The opinion of the court was delivered by: ABRUZZO
This action was instituted by the plaintiffs for an injunction restraining the defendants from infringing upon the copyright of the plaintiffs.
Plaintiffs vended, distributed, and offered for sale character analysis charts, "Exhibit 7. This exhibit indicates that anyone can analyse handwriting and deduce characteristics of personality and other characteristic traits.
The plaintiffs published and copyrighted their chart on or about October 7, 1932, with notice of copyrighting as required by law.
The defendants' chart is undoubtedly to all intents and purposes a copy of the plaintiffs' chart. In principle, they are very much alike. If the plaintiffs' chart was a proper subject for copyrighting, defendants' chart would infringe.
Defendant Arnold had been employed by the plaintiffs and undoubtedly worked out a chart as a result of the knowledge she obtained while in the employ of the plaintiffs.
The testimony of the plaintiffs indicates that this chart was worked out from various books on handwriting. These books were printed and published long before 1932. Plaintiffs undoubtedly studied other graphologists' charts and with this knowledge in hand they proceeded to evolve, publish, and sell their particular chart.

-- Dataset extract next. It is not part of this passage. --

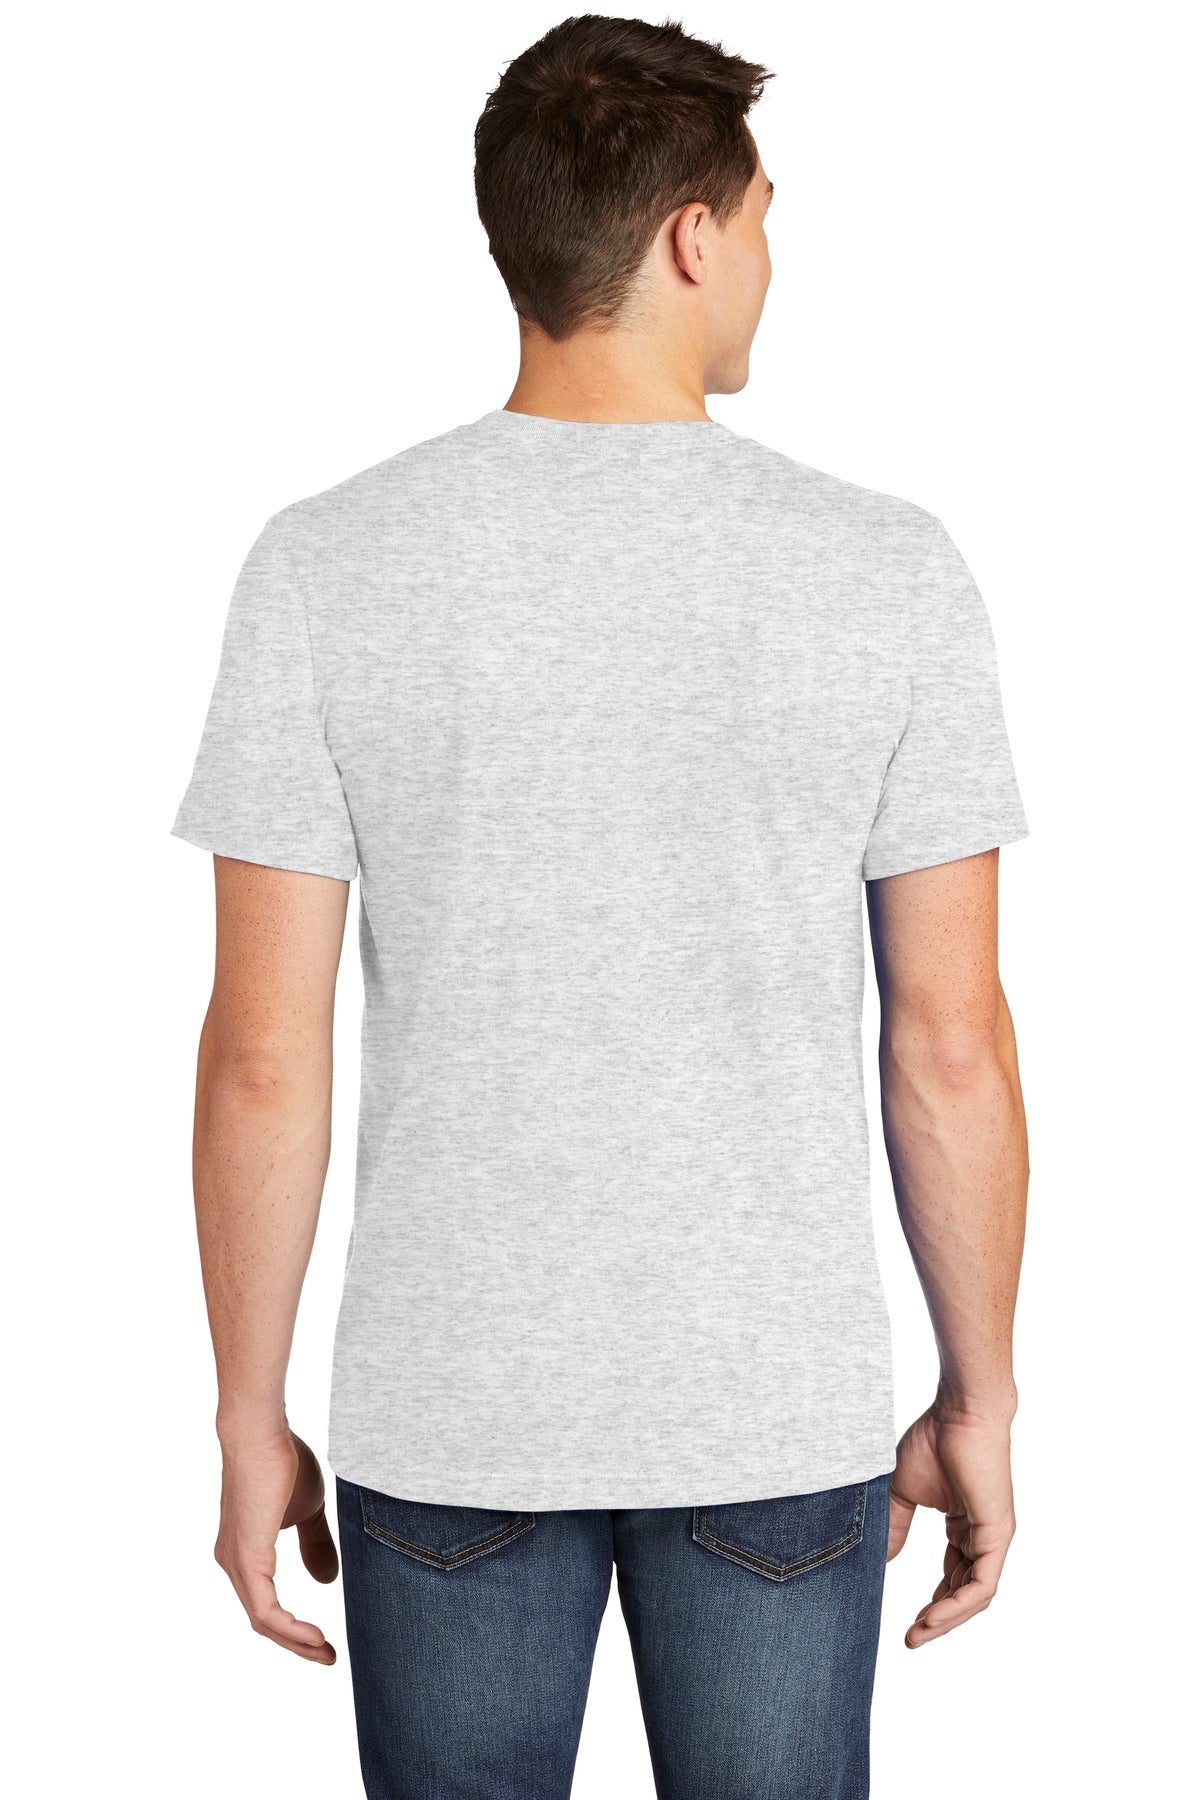 American Apparel ® Fine Jersey T-Shirt. 2001W - DFW Impression

Nothing new was developed by the plaintiffs. The attempt to read handwriting has been going on for many, many years. A great number of books have been written on the subject, and magazines and daily papers have time and again printed articles with respect to same, using a specimen of a person's handwriting as a sample.
Plaintiffs concede that the reading of handwriting is not new or original and make no claim as to the scientific value of their work. They contend that their chart is new, novel, and original in the manner in which the matter is set forth upon the chart. Plaintiffs' contention is untenable. Handwriting has been analyzed for a long time before plaintiffs made their chart.

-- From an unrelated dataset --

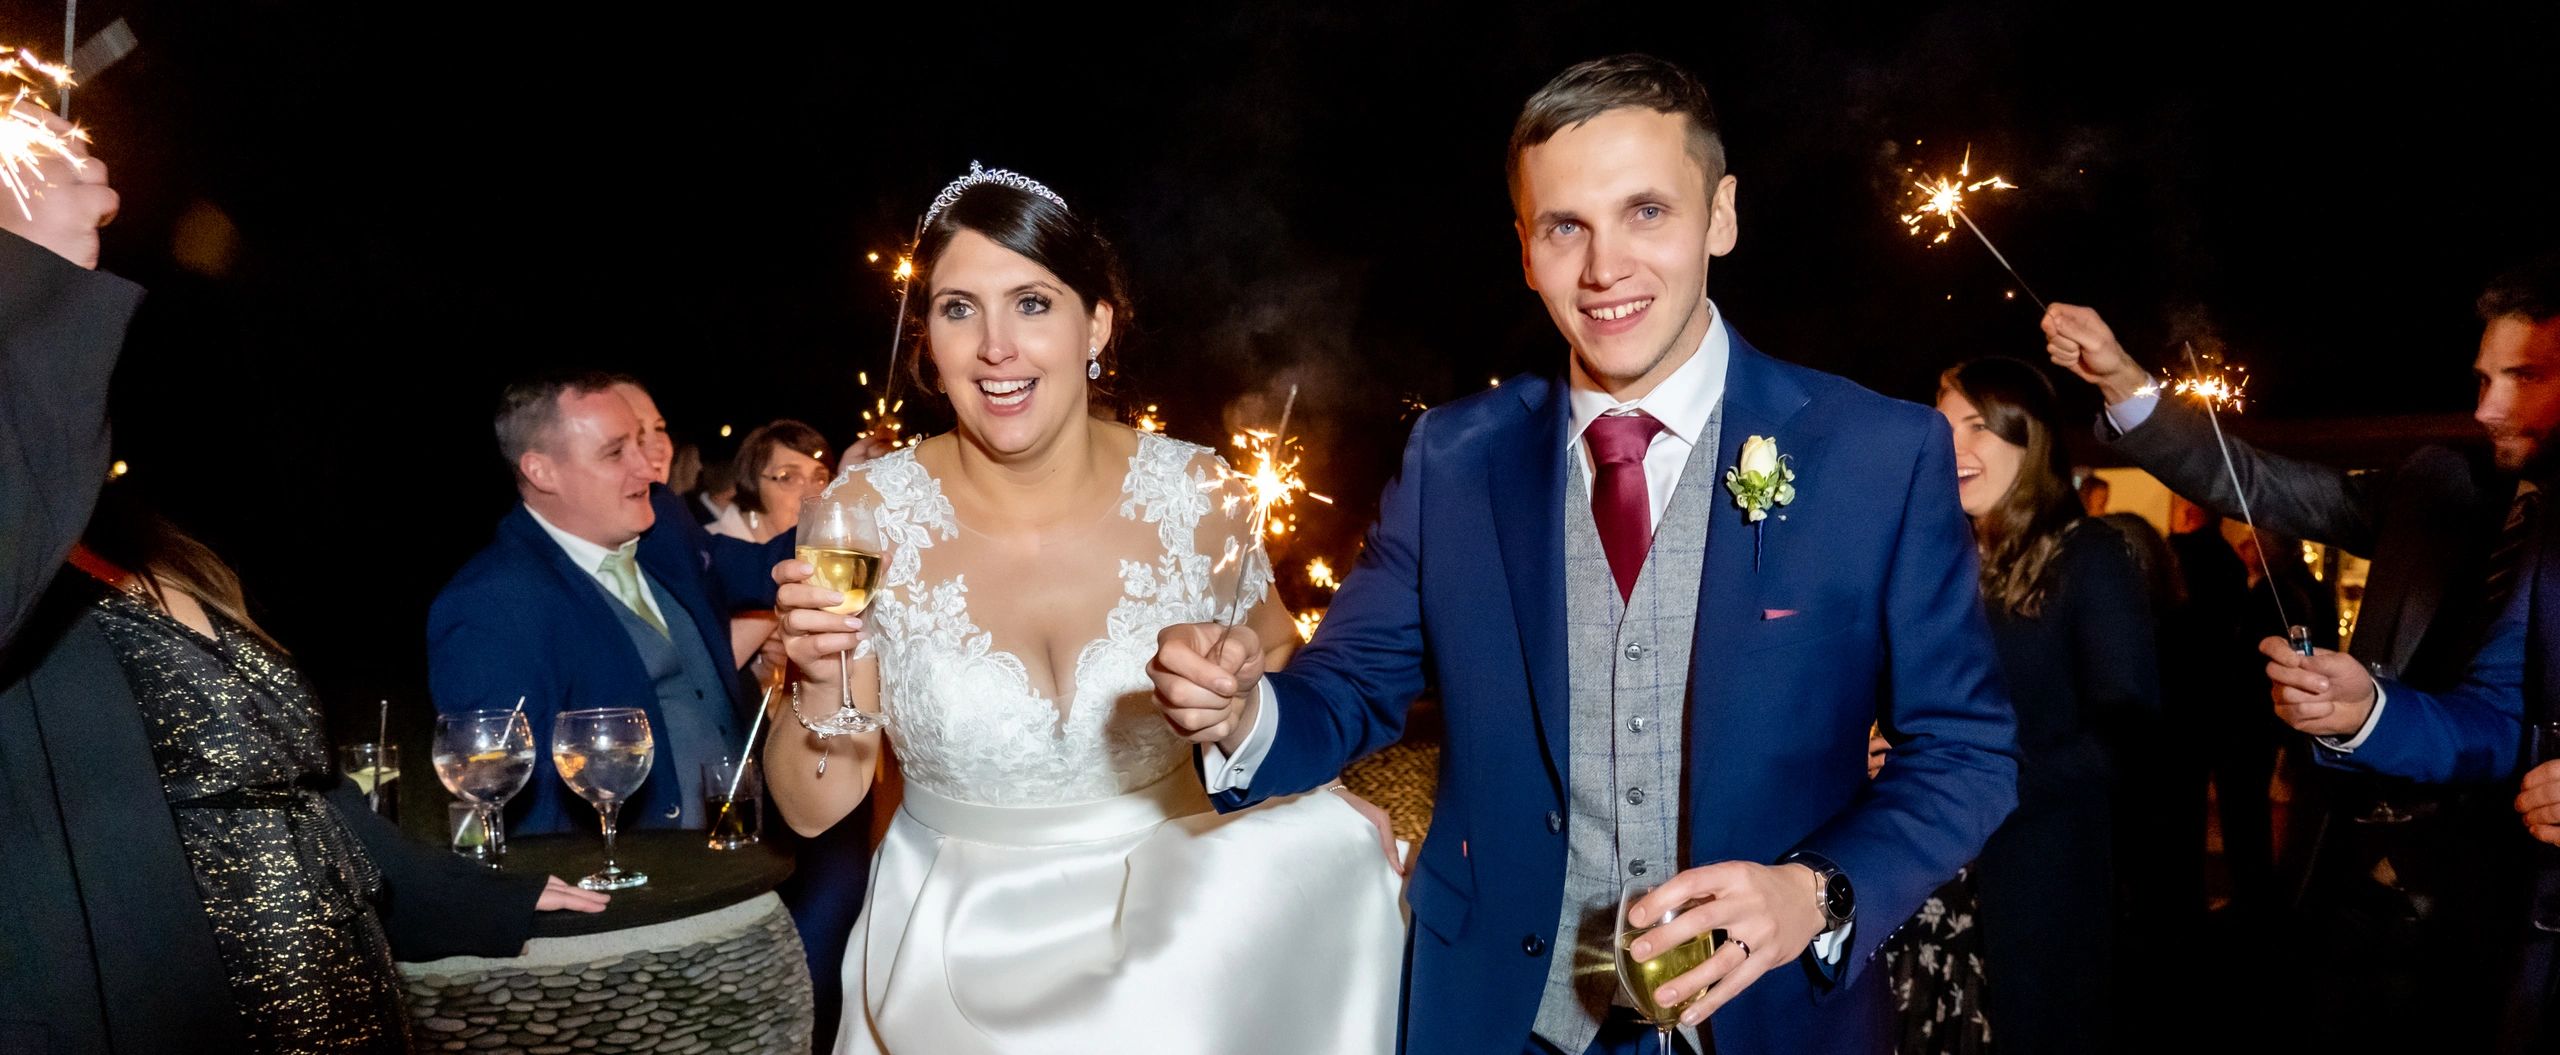 Contemporary reportage natural wedding photograph bride groom sparklers photo Berkshire Newbury

Plaintiffs' chart is merely their own manner of evolving a form and placing on a chart that which has existed for many years. It is a fundamental principle that any work to be copyrightable must be original, in that the author has created something by his own skill, labor, and judgment without directly copying or evasively imitating the work of another. Hoffman v. Le Traunik, D.C., 209 F. 375, at page 379.
The plaintiffs' complaint is therefore dismissed.